Your instructions> For this exercise, return exactly the lines of the material below that begin at the one with "M89 - Mandala" and stop after the one with "Playa De Barra".

Data to examine>
+ + + + + + +

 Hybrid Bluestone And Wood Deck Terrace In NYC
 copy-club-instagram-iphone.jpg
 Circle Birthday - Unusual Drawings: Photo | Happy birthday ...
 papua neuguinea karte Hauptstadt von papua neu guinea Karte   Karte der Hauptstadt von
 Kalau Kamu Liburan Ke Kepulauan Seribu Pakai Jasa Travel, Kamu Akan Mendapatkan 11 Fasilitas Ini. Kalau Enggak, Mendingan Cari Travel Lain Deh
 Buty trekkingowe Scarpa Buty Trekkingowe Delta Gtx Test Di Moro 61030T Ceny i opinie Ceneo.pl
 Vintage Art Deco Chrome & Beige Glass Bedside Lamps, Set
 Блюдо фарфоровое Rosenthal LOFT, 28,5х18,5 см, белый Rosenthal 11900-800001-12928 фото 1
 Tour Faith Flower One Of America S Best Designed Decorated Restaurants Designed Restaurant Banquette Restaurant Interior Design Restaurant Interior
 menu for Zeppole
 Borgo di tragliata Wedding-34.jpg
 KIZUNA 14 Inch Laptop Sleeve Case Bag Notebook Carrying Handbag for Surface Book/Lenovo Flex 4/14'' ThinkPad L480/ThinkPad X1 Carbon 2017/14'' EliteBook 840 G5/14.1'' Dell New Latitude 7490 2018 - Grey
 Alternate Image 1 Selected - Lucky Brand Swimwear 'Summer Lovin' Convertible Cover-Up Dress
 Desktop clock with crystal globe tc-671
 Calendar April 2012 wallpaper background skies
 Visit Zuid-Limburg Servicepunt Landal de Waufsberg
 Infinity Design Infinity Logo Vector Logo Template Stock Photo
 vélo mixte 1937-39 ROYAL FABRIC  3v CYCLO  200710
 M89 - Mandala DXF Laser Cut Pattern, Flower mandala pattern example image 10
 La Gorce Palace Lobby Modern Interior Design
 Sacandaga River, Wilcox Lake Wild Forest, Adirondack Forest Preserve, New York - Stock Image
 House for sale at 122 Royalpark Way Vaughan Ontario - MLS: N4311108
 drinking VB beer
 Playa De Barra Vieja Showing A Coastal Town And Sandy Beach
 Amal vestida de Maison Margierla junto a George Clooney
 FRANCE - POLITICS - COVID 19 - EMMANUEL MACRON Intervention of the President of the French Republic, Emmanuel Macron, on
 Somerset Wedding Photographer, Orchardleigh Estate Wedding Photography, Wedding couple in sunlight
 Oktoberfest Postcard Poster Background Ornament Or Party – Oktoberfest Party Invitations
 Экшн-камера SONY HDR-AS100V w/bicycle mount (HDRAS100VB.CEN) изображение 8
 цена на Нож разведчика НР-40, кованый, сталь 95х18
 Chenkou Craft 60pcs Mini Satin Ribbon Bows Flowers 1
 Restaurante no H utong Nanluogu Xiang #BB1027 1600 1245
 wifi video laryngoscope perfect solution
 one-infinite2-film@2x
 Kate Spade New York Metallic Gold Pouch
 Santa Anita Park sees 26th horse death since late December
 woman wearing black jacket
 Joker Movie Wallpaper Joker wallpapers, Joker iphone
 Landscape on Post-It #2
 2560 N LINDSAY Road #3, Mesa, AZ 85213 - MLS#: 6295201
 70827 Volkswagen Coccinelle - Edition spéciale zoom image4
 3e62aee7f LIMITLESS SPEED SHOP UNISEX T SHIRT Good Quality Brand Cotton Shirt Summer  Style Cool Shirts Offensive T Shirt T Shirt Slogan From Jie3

+ + + + + + +

Output for this exercise>
 M89 - Mandala DXF Laser Cut Pattern, Flower mandala pattern example image 10
 La Gorce Palace Lobby Modern Interior Design
 Sacandaga River, Wilcox Lake Wild Forest, Adirondack Forest Preserve, New York - Stock Image
 House for sale at 122 Royalpark Way Vaughan Ontario - MLS: N4311108
 drinking VB beer
 Playa De Barra Vieja Showing A Coastal Town And Sandy Beach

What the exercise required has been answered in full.